Another scale left her back. She flexed her shoulder muscles, jostling the Terror a little. The flexibility and clean feeling of having those old scales gone was great. Putting off grooming was a stupid thing to do.

The Terror's weight moved further down her back. "So... how are you with all of this?" he asked. "You seem happy enough, but I know that is just the cold-season approaching."

She had not been asked that in a long while, if ever. "How am I?" It was a good question. "Well, Inferna puts a cramp in all of this." A very big, painful cramp.

"Ignoring her, she ruins all of our lives," the Terror grumbled. "Forget her and what she might do."

That helped narrow it down a lot. "I don't hate my life," she summarized. "I can fly, I have a few friends, and I know I'm not betraying my people."

"You're not?" he asked as he tugged up another, smaller scale.

"They only fight to protect their food, because they need it," she explained. "You only fight because Inferna wants it. It doesn't have to be one or the other, for me. I know who the real enemy is."

"But you fired on them," he objected.

"I did structural damage only," she admitted. "It hurt their response, it helped the flames raiding, but I didn't kill any of them. And the ones on the island we just raided are enemies of my group of Flightless anyway. They are also mutual enemies. So I can attack them without an issue."

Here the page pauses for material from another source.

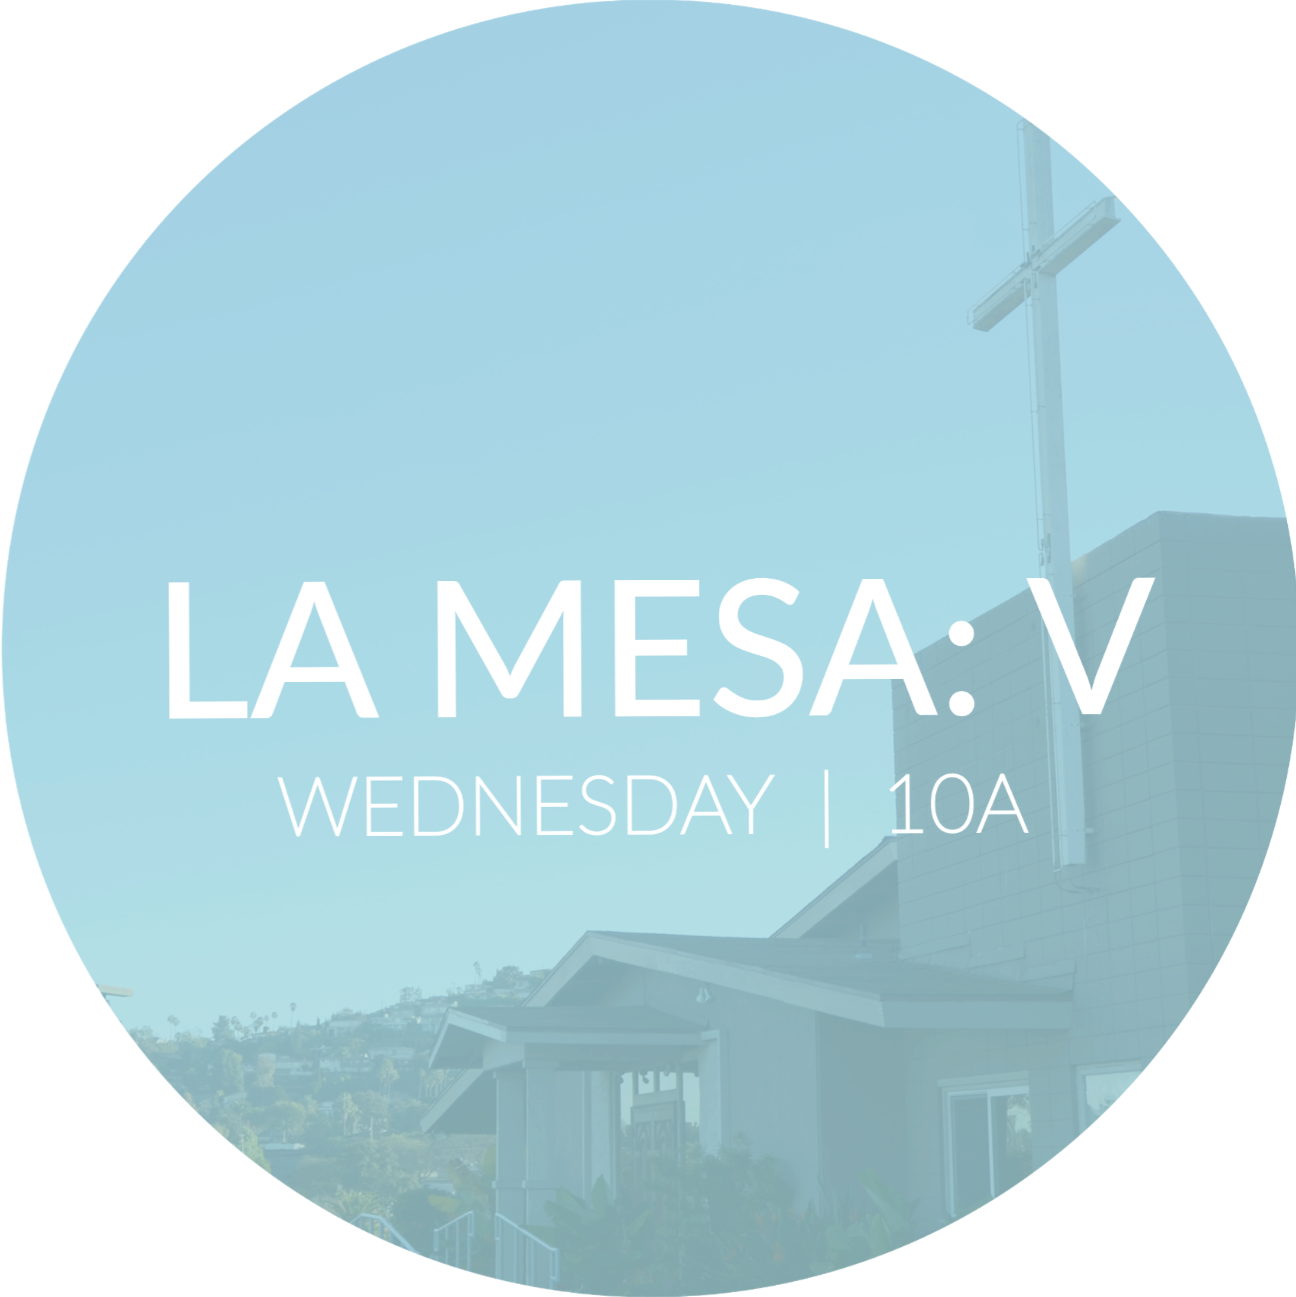 La Mesa: V

"Oh, you blasted that big one to pieces!" he chirped. "We are all glad to see him gone."

"And the Flightless of my island will be happy to hear of it too," Astrid explained enthusiastically. "He was a big enemy of our leader. They were friends once, but he betrayed us and got some of our people killed." That was the word around Berk, anyway, what was whispered in corners of the Great Hall when Alvin and the Outcasts came up in conversation.

"So you helped everyone," the Terror said, getting her point. "You seem to like helping people. You help the Bolt."

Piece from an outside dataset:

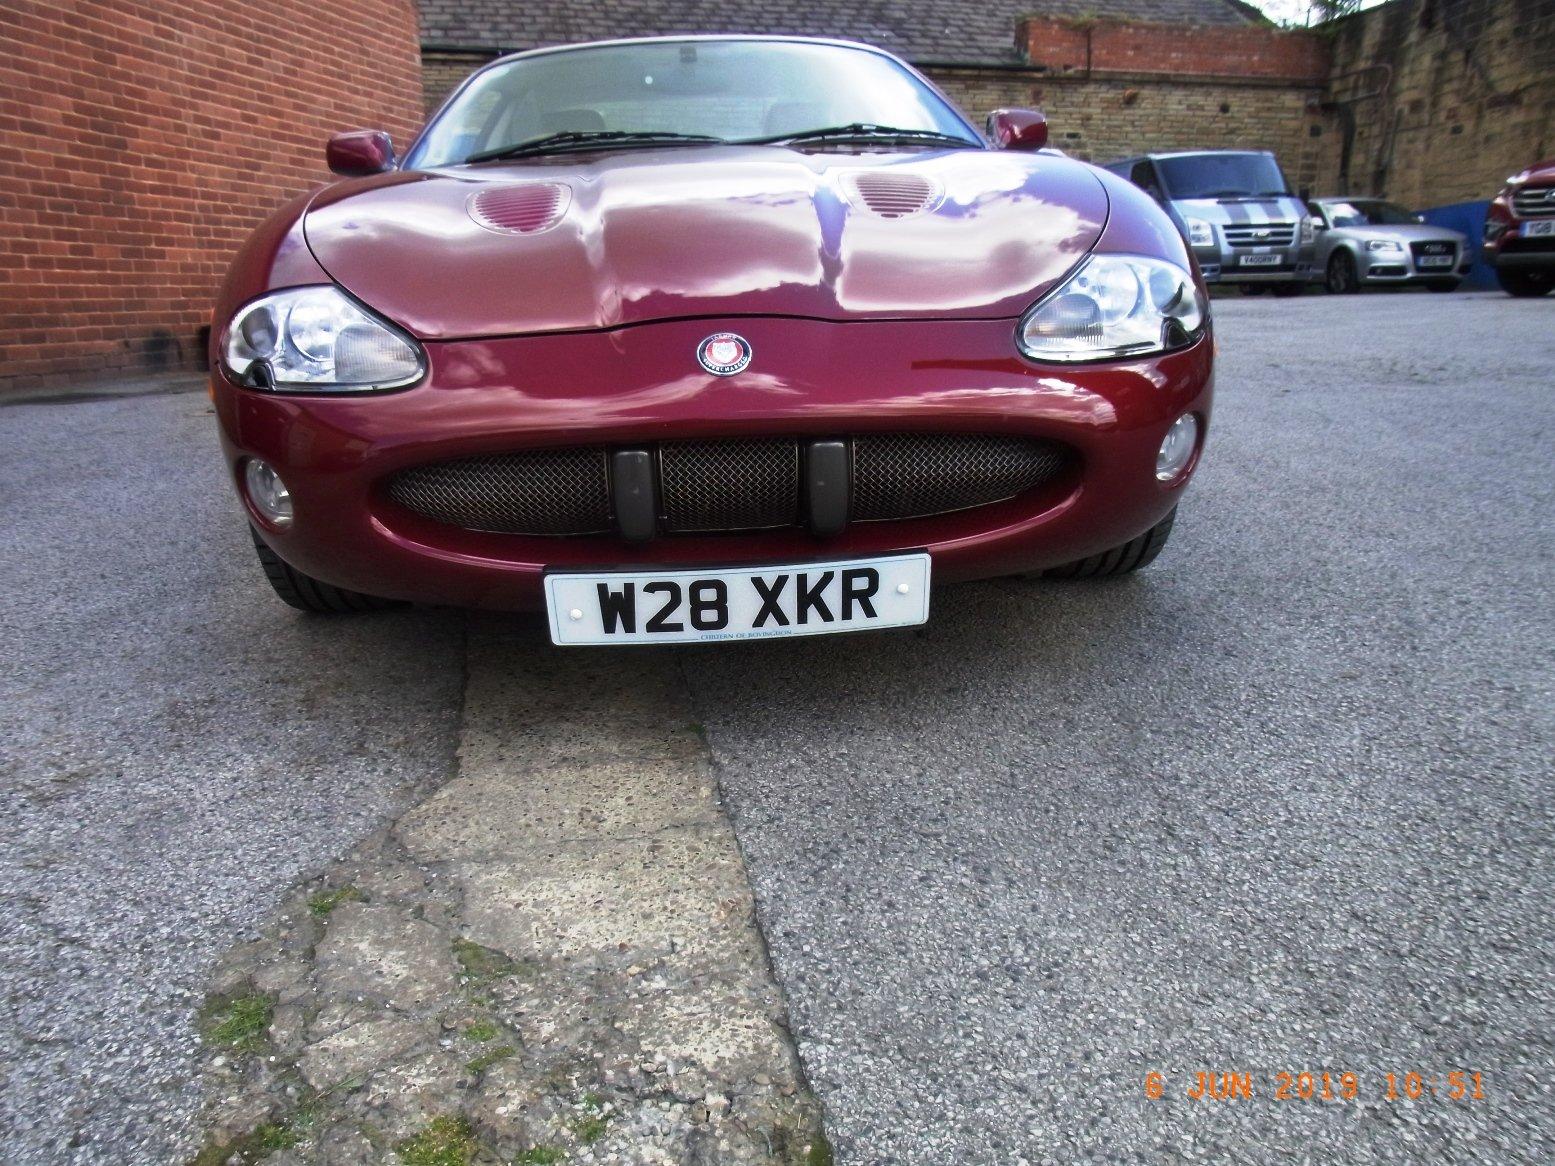 2002 Jaguar XKR 4.00 Litre Coupe For Sale (picture 3 of 6)

"He needs it." The old Astrid would not agree that she liked helping people, but she had changed, and that did seem to be part of who she was now. There was enough pain and suffering in the world without her ignoring things she could fix.

"He does. We could never help him, though. He only responds to you." The Terror laughed squeakily, his voice now a little more distant. He was by the base of her tail, now. "You should have seen the Flare when you were last gone and she was in charge of helping him. No matter what she did, he barely responded. It quite entertained the rest of the nest, but he was like a rock. Then you show up, and he starts talking immediately."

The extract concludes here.